There are two challenges when managing such huge volumes of data, both of which are addressed in this book. The first is storing the data efficiently. This is done by compressing it. (We use data in the singular throughout this book. To us, data seems like a large -- often formidably large -- entity in itself, rather than a collection of "datums.") The second is providing fast access through keyword searches. For this, a tailor-made electronic index must be constructed. Traditional methods of compression and searching need to be adapted to meet these challenges. It is these two topics that are examined in this book. The end result of applying the techniques described here is a computer system that can store millions of documents, and retrieve the documents that contain any given combination of keywords in a matter of seconds, or even in a fraction of a second.
Here is an example to illustrate the power of the methods described in this book. With them, you can create a database from a few gigabytes of text -- each gigabyte is a thousand books, about the size of an office wall packed floor to ceiling -- and use it to answer a query like "retrieve all documents that include paragraphs containing the two words `managing' and `gigabytes'" in just a few seconds on an office workstation. In truth, given an appropriate index to the text, this is not such a remarkable feat. What is impressive, though, is that the database that needs to be created, which includes the index and the complete text (both compressed, of course), is less than half the size of the original text alone. In addition, the time it takes to build this database on a workstation of moderate size is just a few hours. And, perhaps most amazing of all, the time required to answer the query is less than if the database had not been compressed!
Many of the techniques described in this book have been invented and tested recently, and are only now being put into practice. Ways to index the text for rapid search and retrieval are thoroughly examined; this material forms the core of the book. Topics covered include text compression and modeling, methods for the compression of images, techniques for compressing textual images such as scanned or facsimile documents, and page layout recognition to separate pictures and diagrams from text.
Full-text indexes are inevitably very large, and therefore potentially expensive.
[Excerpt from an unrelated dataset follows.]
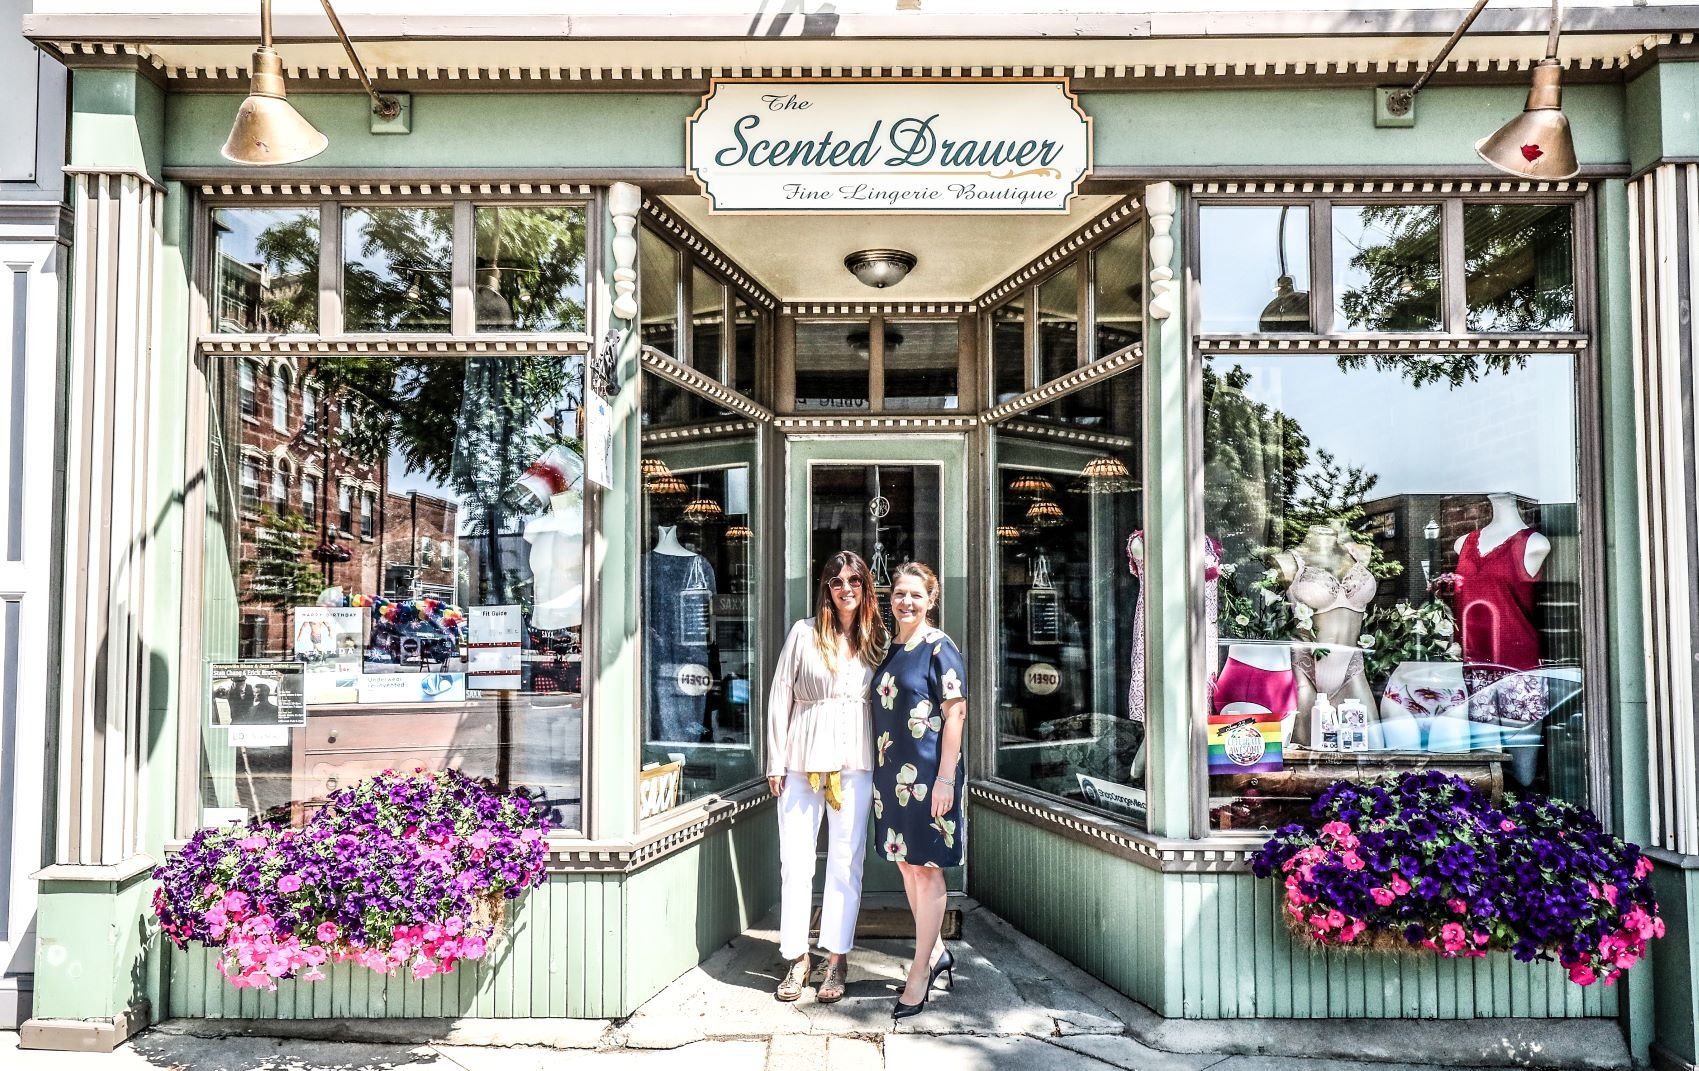 Two women standing in front of a retail shop

However, this book shows how a complete index to every word -- and, if desired, every number -- in the text can be provided with minimal storage overhead and extremely rapid access.
The objective of this book is to introduce a new generation of techniques for managing large collections of documents and images. After reading it, you will understand what these techniques are and appreciate their strengths and applicability.
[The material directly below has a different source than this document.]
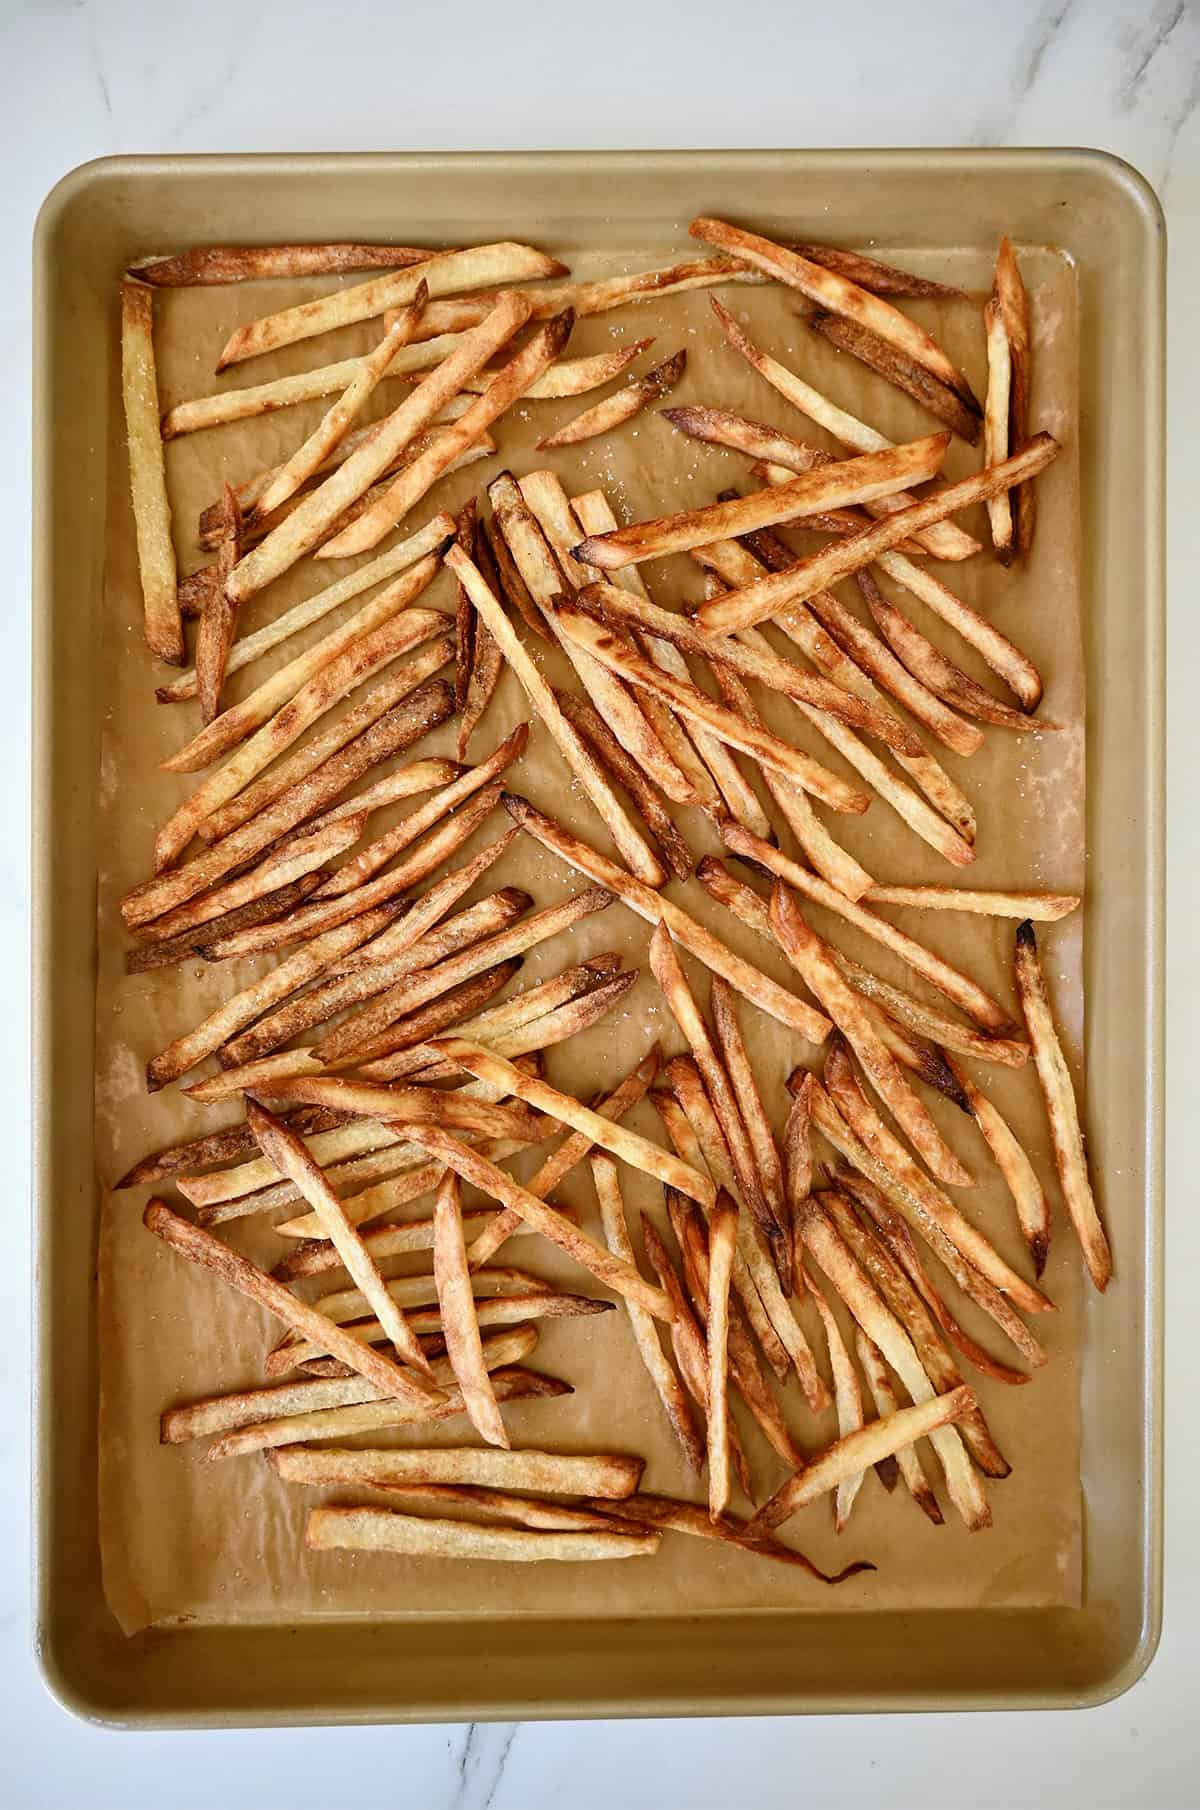 Crispy, golden brown baked fries on a parchment paper-lined baking sheet.

There are several ways in which the book can be used as the basis of courses at the senior undergraduate, graduate, and professional levels. Each chapter deals with a different component of a full-text retrieval system, including compression methods for the text, index, and pictures; consequently, many of the chapters are suitable for short courses in their own right. For example, Chapter 2 is a comprehensive survey of text compression methods, and has been used for a short course on compression. Whole books could be written on this subject -- indeed, they have been, and one such book is Text Compression, by two of the authors of this book in collaboration with John G. Cleary -- but this chapter provides a self-contained, practical guide to the methods that are most commonly used in practice, giving the right amount of information to learn how each one works. Likewise, Chapter 6 is a self-contained account of current techniques, and international standards, for the compression of images. Chapter 4 covers the basic notions of information retrieval using Boolean and ranked queries, and gives a detailed discussion of the issues involved in their implementation.
The book has been organized so that two groups of chapters provide deep and extensive coverage of particular sub-areas. Chapters 1, 3, 4, and 5 have been used as the basis of a graduate course on information retrieval, while Chapters 6, 7, and 8 form a stand-alone module on the analysis and compression of document images. A more comprehensive senior undergraduate or graduate course on information systems and data compression would cover the entire book, or the text can be used to supplement general undergraduate courses on information systems or practical data structures.
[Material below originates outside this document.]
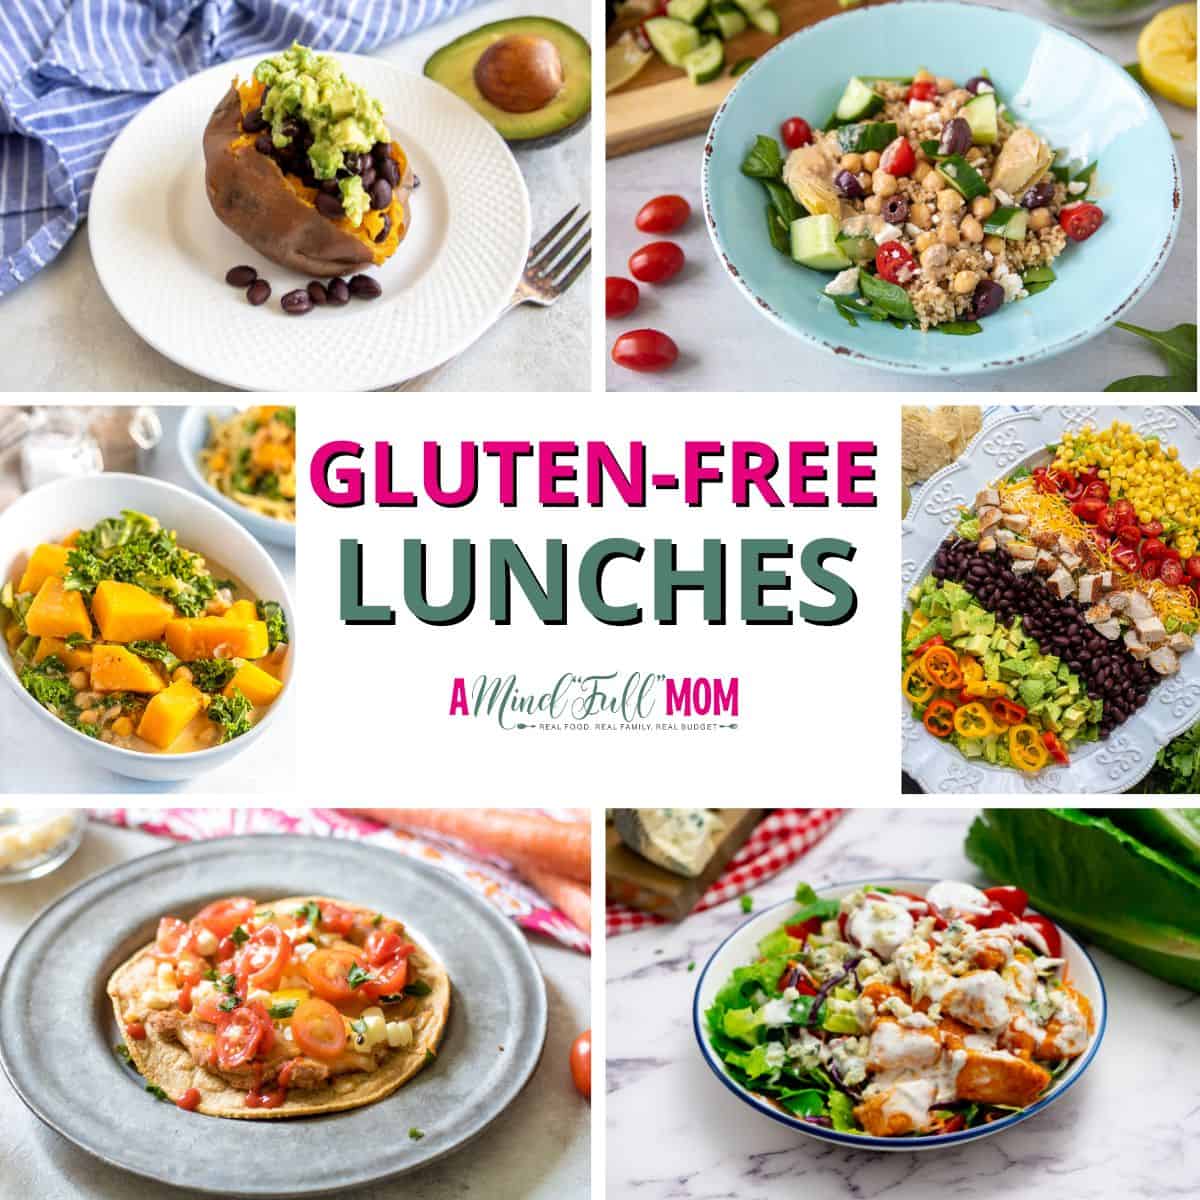 https://amindfullmom.com/wp-content/uploads/2022/08/Ideas-for-Gluten-Free-Lunches.jpg

Finally, readers who are more concerned with the concepts involved than the technical details will get the general message of the book by reading the first and last chapters. Chapter 1 introduces the problems tackled, and illustrates them with real-world examples. It looks at how concordances have been constructed in the past, and how they are being replaced by full-text retrieval systems. It also introduces the key ideas of the book: compressing and indexing large collections of text and images. Chapter 10 looks to future developments and applications for this new technology. One such development is the integration of audio and multimedia information into indexed retrieval systems. This is surprisingly straightforward; any kind of information that needs to be retrieved on the basis of a specified set of keywords can be incorporated into an indexed compression system, and any compression scheme for such information can be incorporated as well. It seems certain that such systems will see rapidly increasing use in the future to store large collections of disparate kinds of information.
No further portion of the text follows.